Setelah G 30 S, Orde Baru menggunakan PWI sebagai alat untuk membersihkan pers nasional dari anasir-anasir Orde Lama. PWI ganti memecati para wartawan yang dituduh terlibat gerakan makar itu atau dekat dengan PKI. Pada tahun-tahun pemantapan kekuasaan Orde Baru. PWI sudah tak berdaya lagi sebagai organisasi independen.

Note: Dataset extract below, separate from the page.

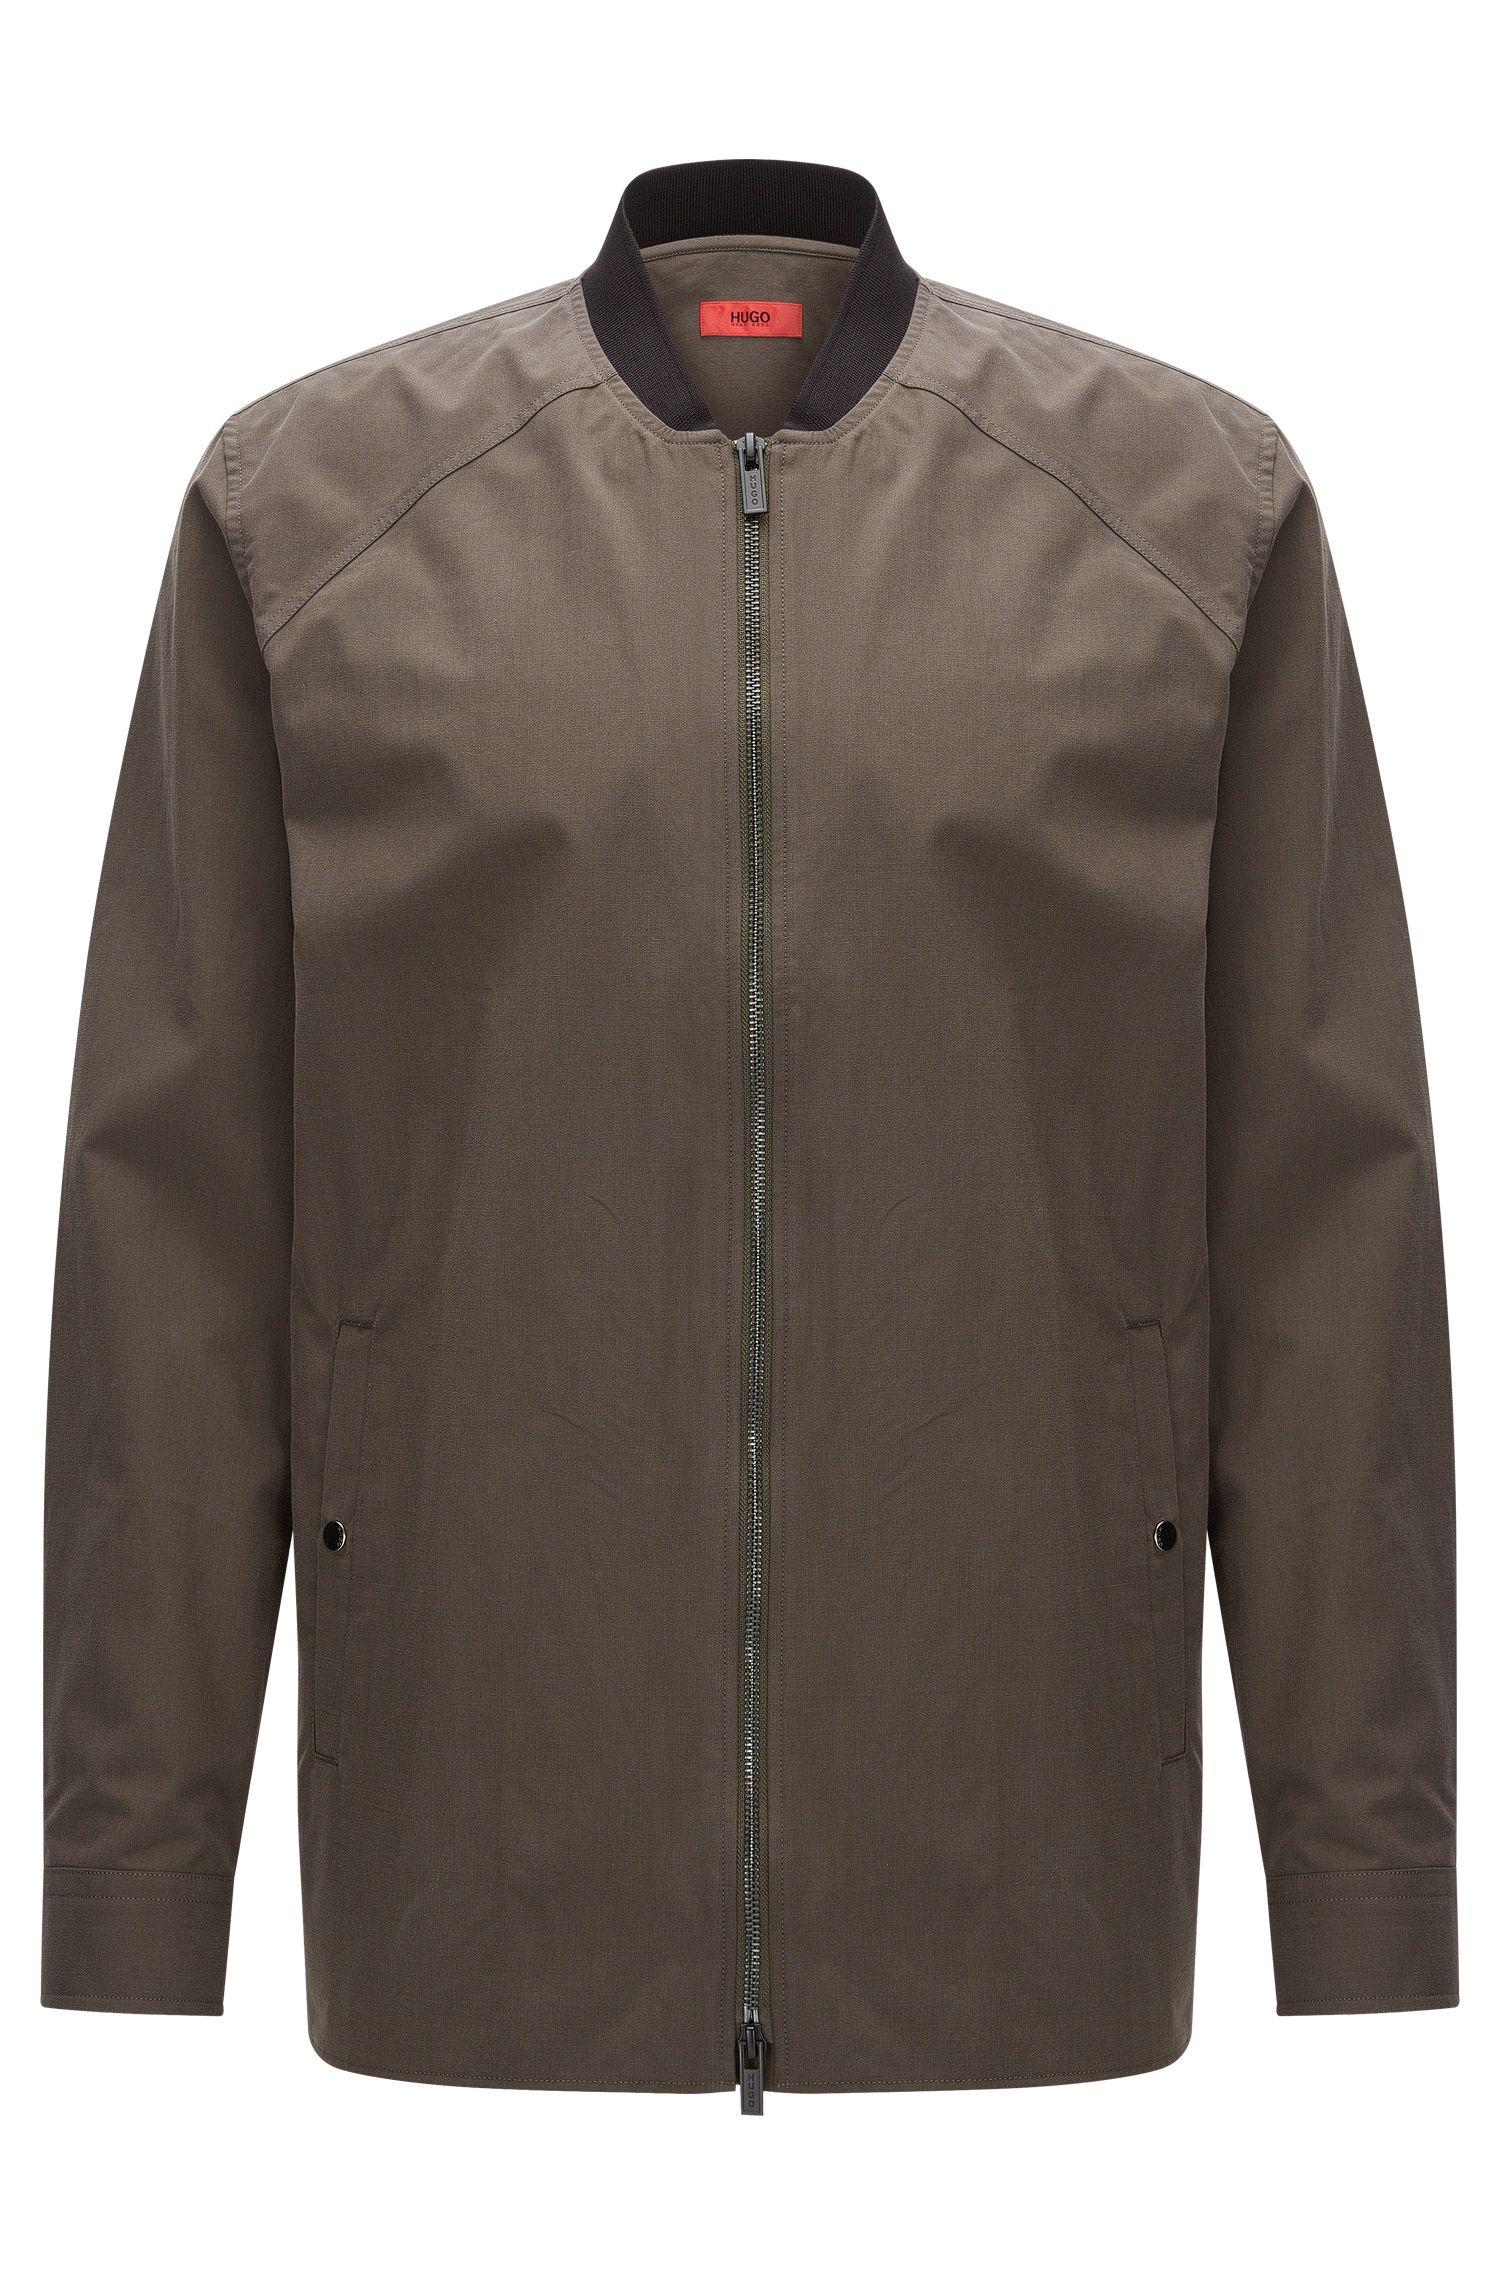 Relaxed-Fit Hemdjacke aus mittelschwerer Baumwolle
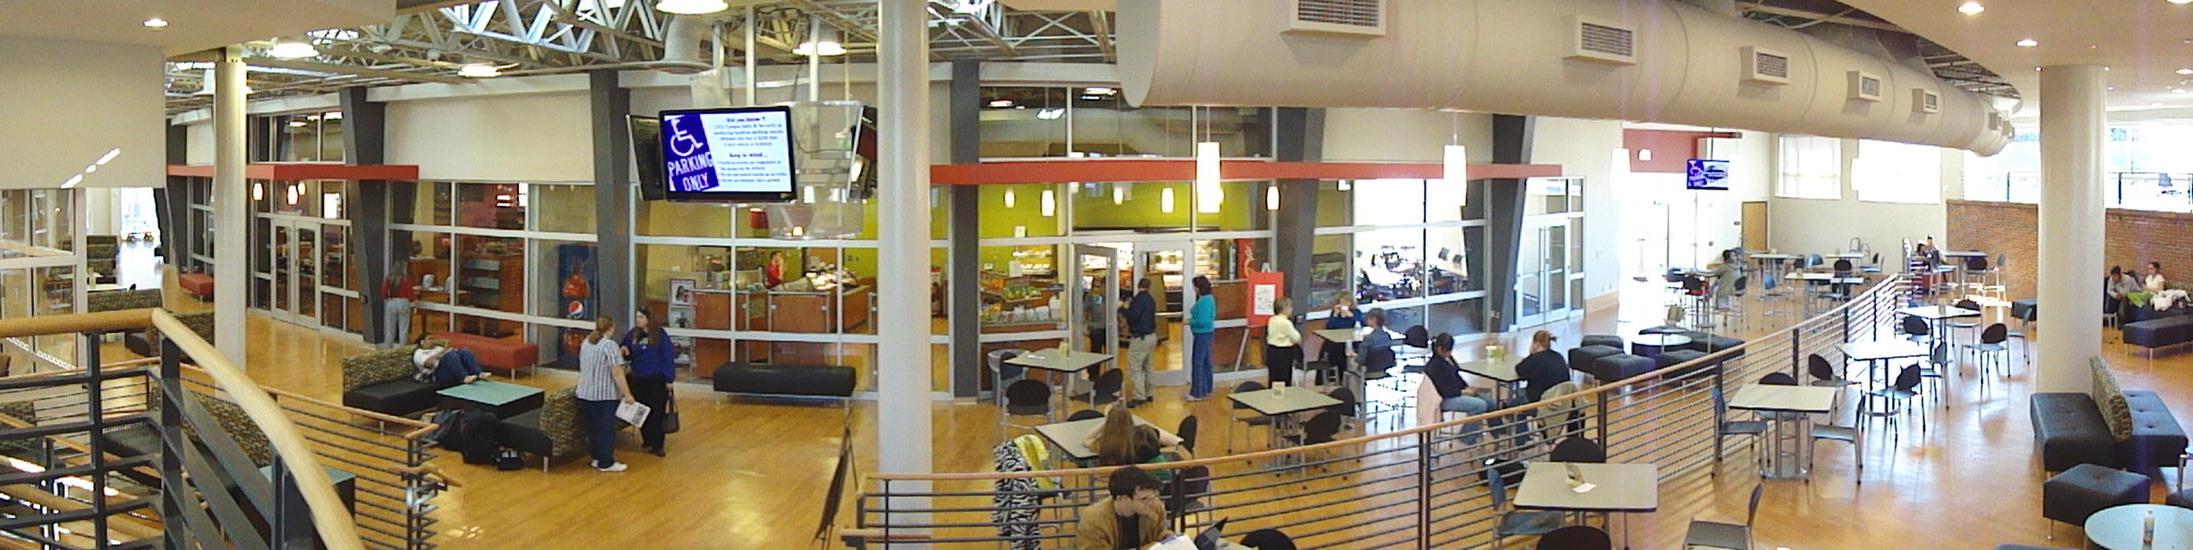 ADW-Higher-Education-CVCC-Hickory-NC-Student-Center-Interior-Long.JPG

PWI tak bisa lagi membela anggotanya ketika pemerintah membreidel puluhan surat kabar terkait dengan peristiwa Malari 1974. PWI digunakan juga sebagai alat konsolidasi politik, yaitu dengan meresmikannya sebagai organisasi wartawan satu-satunya di Indonesia, tepatnya pada 20 Mei 1975.

Peresmian itu memudahkan pemerintah untuk melakukan “Golkarisasi” di tubuh PWI, terutama ketika PWI diketuai Harmoko.

Harmoko sendiri memang tercatat sebagai ironi dalam sejarah pers nasional. Pada masa-masa awal Orde Baru, ia adalah wartawan yang paling sengit menolak keinginan pemerintah untuk menjadikan PWI sebagai satu-satunya organisasi wartawan Indonesia. PWI semakin “jinak” setelah pemerintah berhasil mendudukan Harmoko sebagai ketua PWI dan Menteri Penerangan. Sehingga PWI dapat memaklumi ketika menyikapi pembredelan tiga media pada tahun 1994. Kooptasi negara Orde Baru ke dalam tubuh PWI sedemikian parah sehingga pemerintah membuatnya menjadi alat adu domba antar wartawan. Tercatat, PWI terlibat konflik permanen dangan AJI. Konflik bahkan sampai pada tingkat pengingkaran, di mana PWI tak mengakui kewartawanan yang menjadi anggota AJI. 113

Tidak banyak wartawan yang ikut bergerak menentang pembredelan. Di bagian redaksi, wartawan justru mendapat himbauan untuk tidak ikut bergerak, yang nekad harus menanggung resiko dan beberapa konsekuensi. Tampaknya era pers industri yang lebih mementingkan tiras dari pada idealisme berhasil mempolarisasi wartawan dalam kotak-kotak kepentingan bisnis perorangan yang bertopeng di balik kepentingan lembaga. Erosi tak hanya memudarkan etos pers Indonesia, tapi juga memudarkan solidaritas wartawan Indonesia.